Не бойтесь снова рассвирепеть, не запирайте вашу ярость в себе, а дайте ей выйти наружу. Потому что теперь у нее есть цель: турки, русские, поляки!
Национальность – вместо интернационализма!
Культура – вместо мультикультурности!
Оружие – вместо интеграционных программ!
Она прочла все это ровным голосом, иногда прерываясь, чтобы взмахнуть рукой, производя какой-то непонятный жест. Прочтя, дала мне бумажку и попросила выкинуть куда-нибудь – куда угодно, только чтобы в ее доме этого не было.
Бумажку я вытащил из кармана моих брюк, которые давно не надевал, и, вспоминая разговоры в ресторане, попросил ее прочитать, что там написано. Увидев, что я ей даю, она вздрогнула, сказала, что эту пакость видели уже все и что это просто очередной бред больного. Я попросил еще раз – она прочла и затем вернулась к компьютеру.
– Что ты там смотришь? – спросил я.
– Почту, – ответила она коротко.
Она часто проверяла электронную почту в последнее время. Ее компьютер выводил меня из себя – экран выбрасывал из себя мертвенное, холодное излучение, на нем она что-то читала, какие-то письма, от кого-то – а для меня все то, что было ей понятно, было одним пятном, электронным, слабо нагревающимся куском и едва ощущаемым током воздуха – пыль летела к монитору, словно втягиваемая им, облепляя его пушистым слоем.

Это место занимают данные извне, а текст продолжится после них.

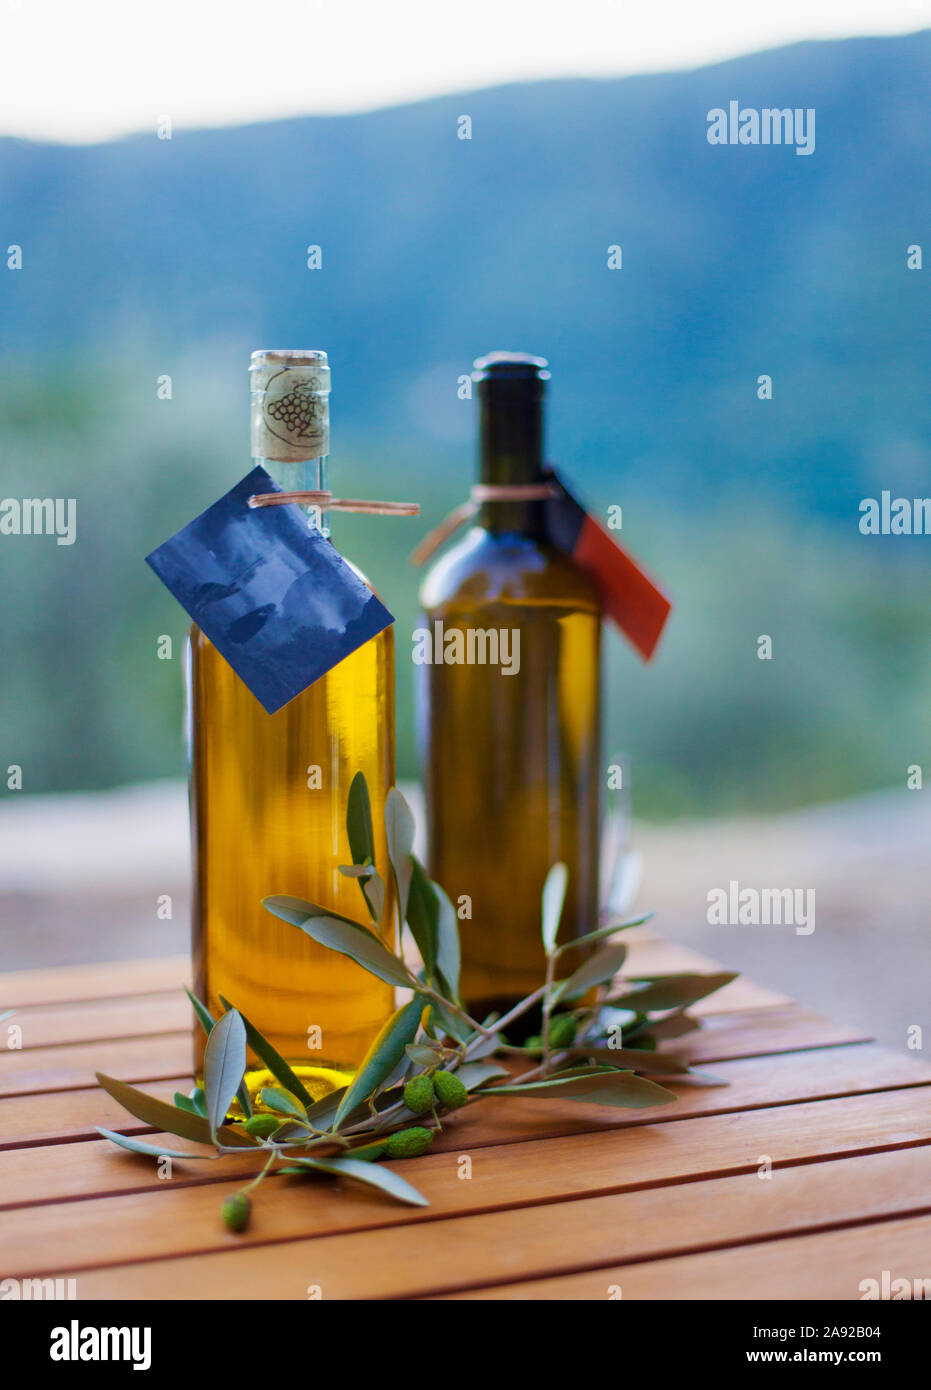 Delikatessen olivenöl -Fotos und -Bildmaterial in hoher Auflösung – Alamy

– Где твой Харальд? – спрашивала она меня.
– В ресторане. А что?
– Тебе надо почаще видеться с твоими друзьями. Ты никогда этого не делаешь.

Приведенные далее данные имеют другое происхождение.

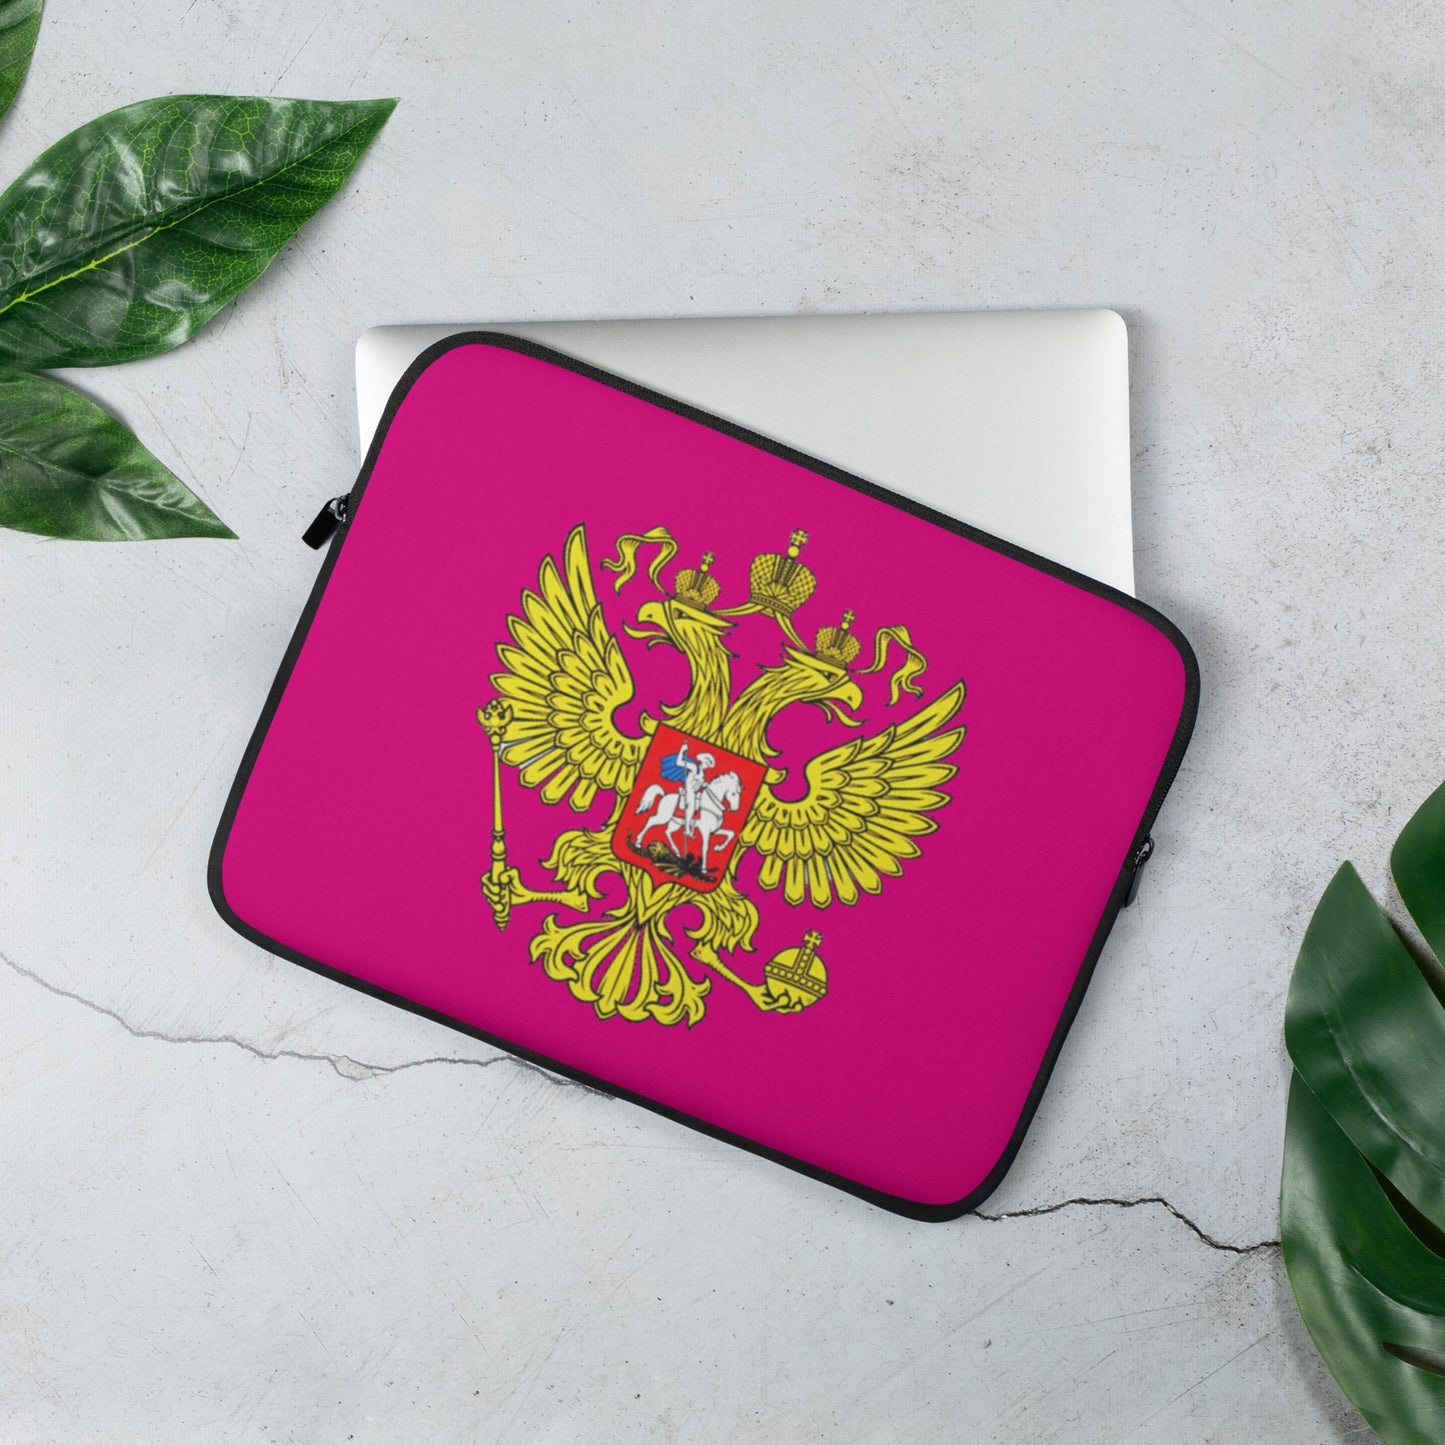 Laptop-Tasche mit Russland-Wappen in lila

Мне не нужны были друзья, и я не виделся с ними – а она уходила куда-то вечерами.
После русского фильма она как-то принесла диск с русской музыкой. Поставила и выключила после первой же песни, где довольно приятный, но чересчур отчаянный голос пел о том, что он «совершенно не герой». Она спросила меня, о чем песня, я рассказал, я почувствовал, как она пожала плечами – музыку мы обычно не слушали.

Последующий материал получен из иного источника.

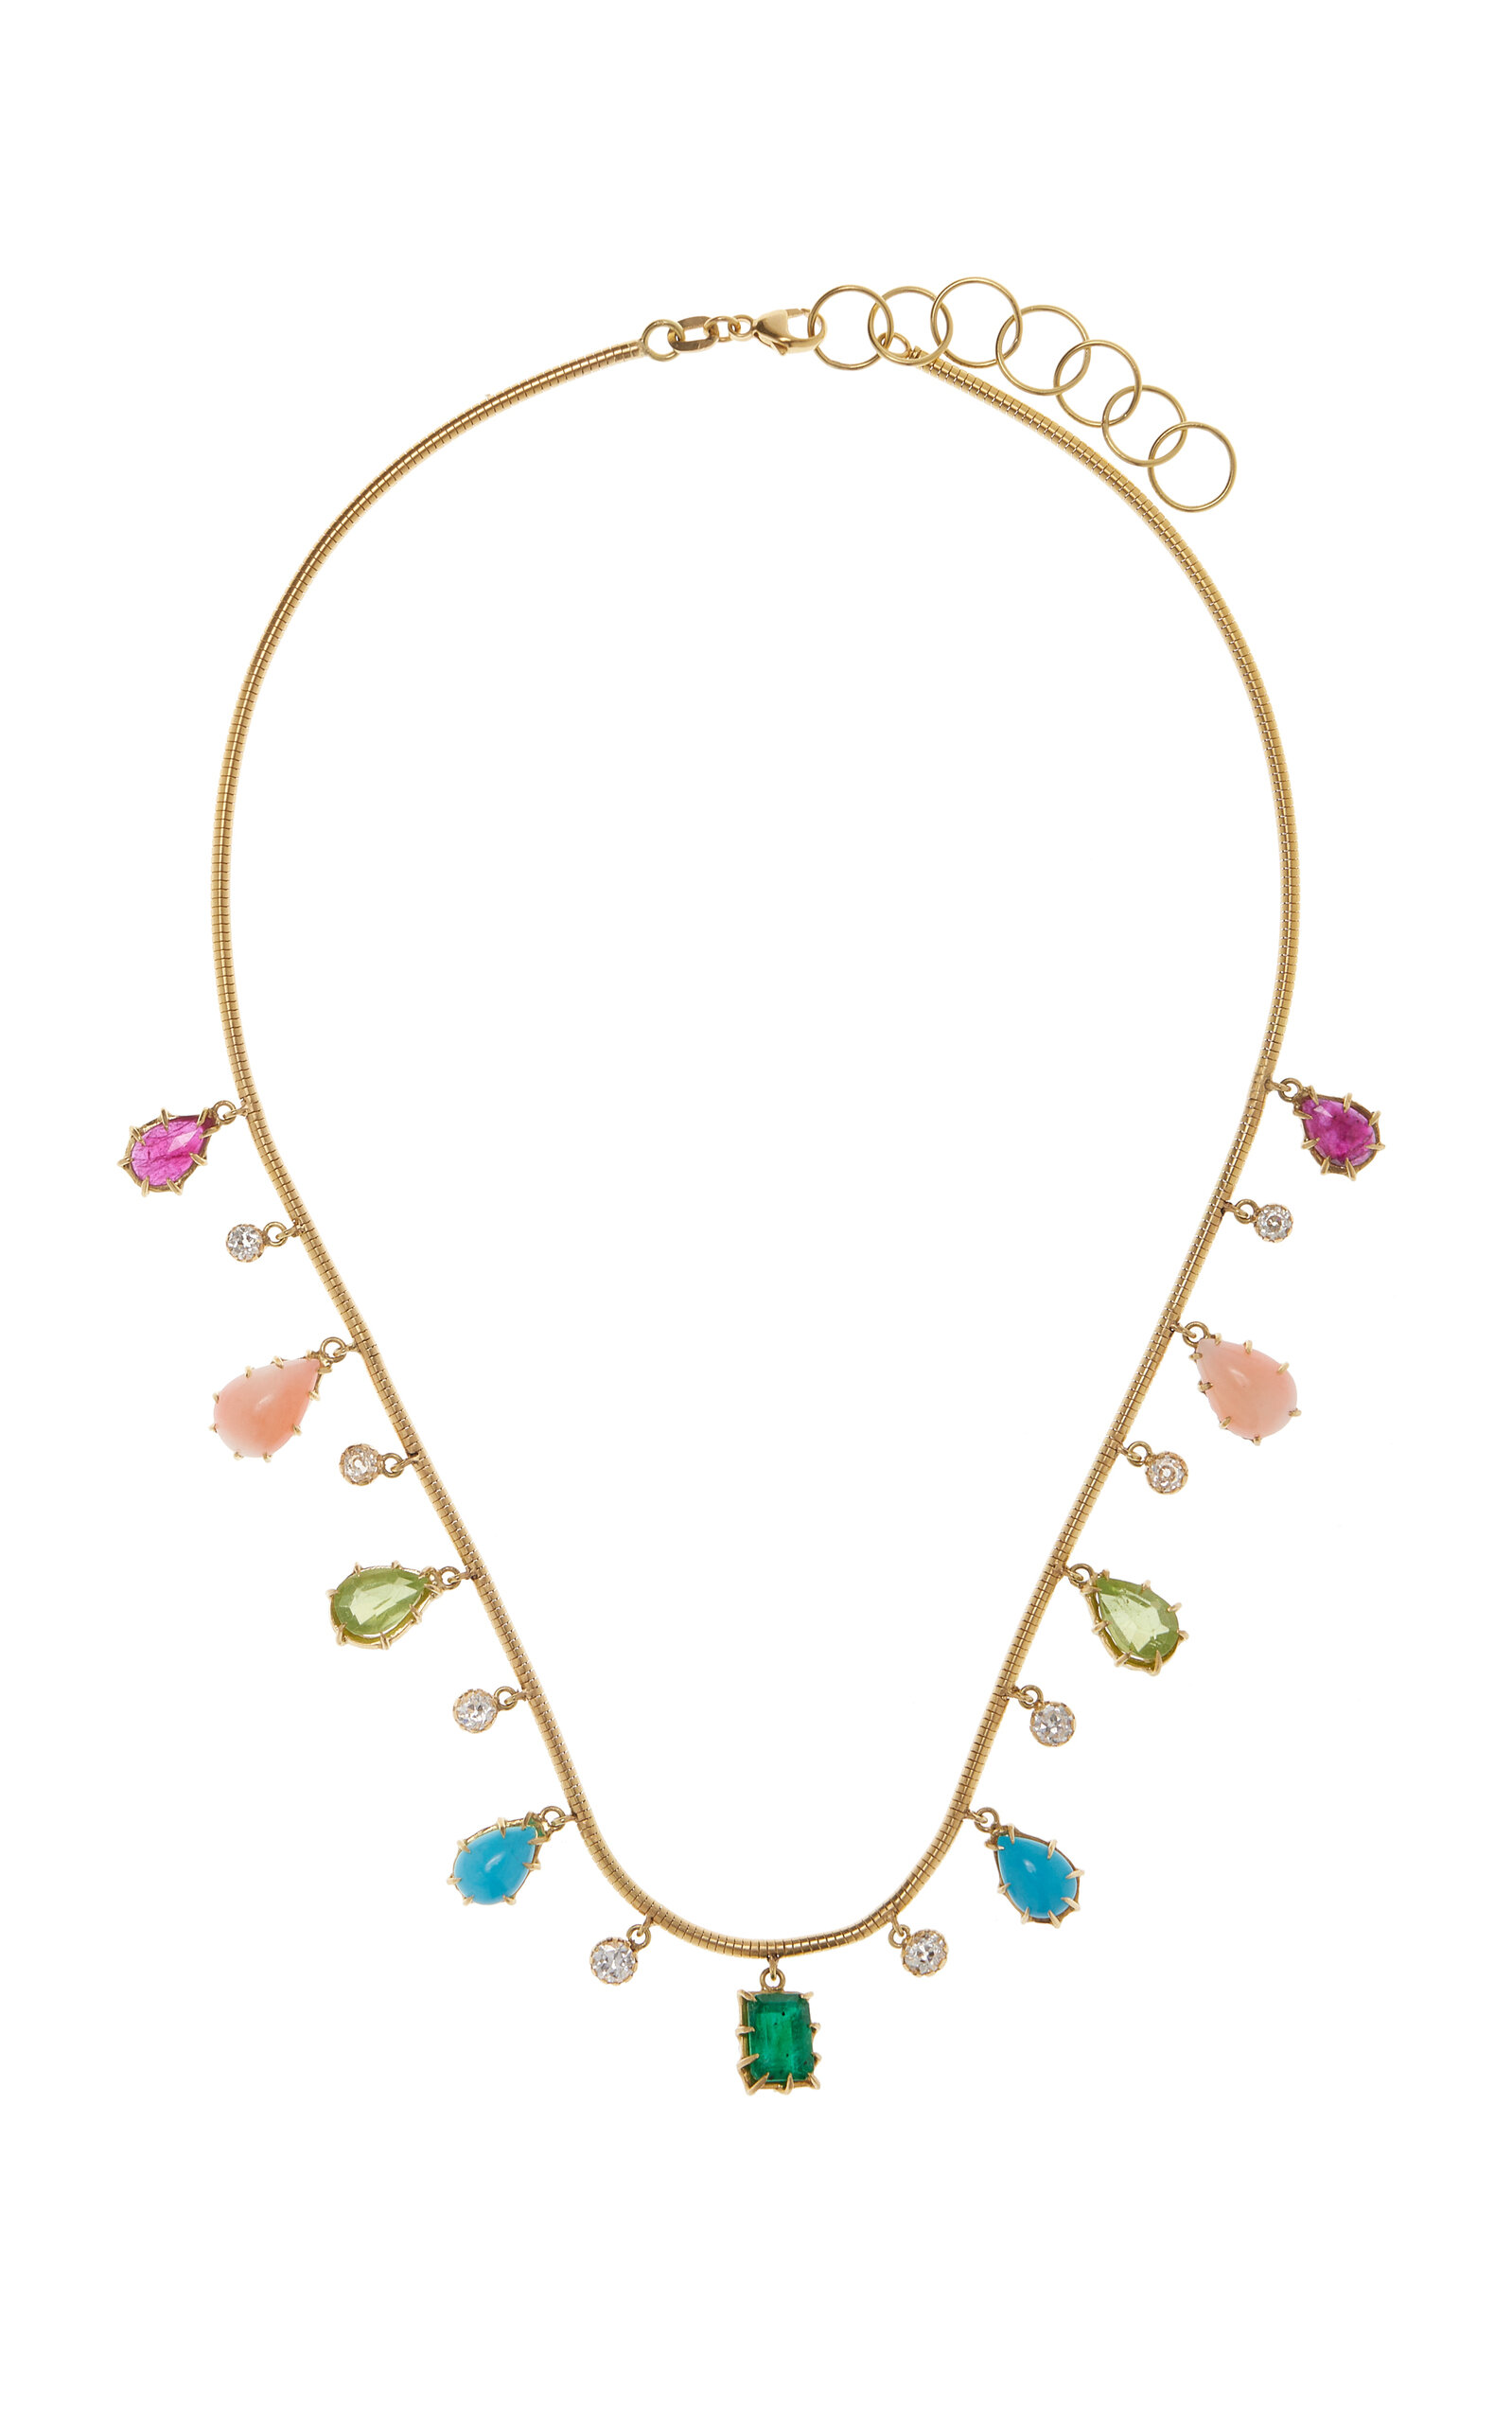 Jenna Blake 18k Gold Multi-color Fringe Necklace

Она уходила в университет, а я в свободные от работы дни, не знал, чем себя занять. Как и прежде, я выходил на улицу, гулял по разным маршрутам, наворачивал круги.
В Берлине есть все. Огромные пустые площади и узкие проходы, холодные скольжения и теплые касания. Много людей и мало людей. Есть жужжащие, гонящие рокочущий ветер повороты строительных кранов, ледяные дома, растущие рядом с ними, и дома теплые, иногда даже жаркие, которые были всегда. Есть парк, есть земля с травой и голая земля – железные цветы, сочащиеся ароматной ржавчиной. Весь Ленинград уместится в кусок Фридрихштрассе, от станции S-bahn до моста, поднимающего свой натруженный горб над рекой Шпрее и опускающего его к подножью глухих, тяжелых зданий. Весь Краснодар – в границу Миттэ и Пренцлауэрберг, где дома квадратные и стоят параллельно. Есть движение, тугое, винтом, вперед и немного вверх – через улицы, перекрестки, через столики кафе, через головы: дебаркадеррр, дебаркадерррр…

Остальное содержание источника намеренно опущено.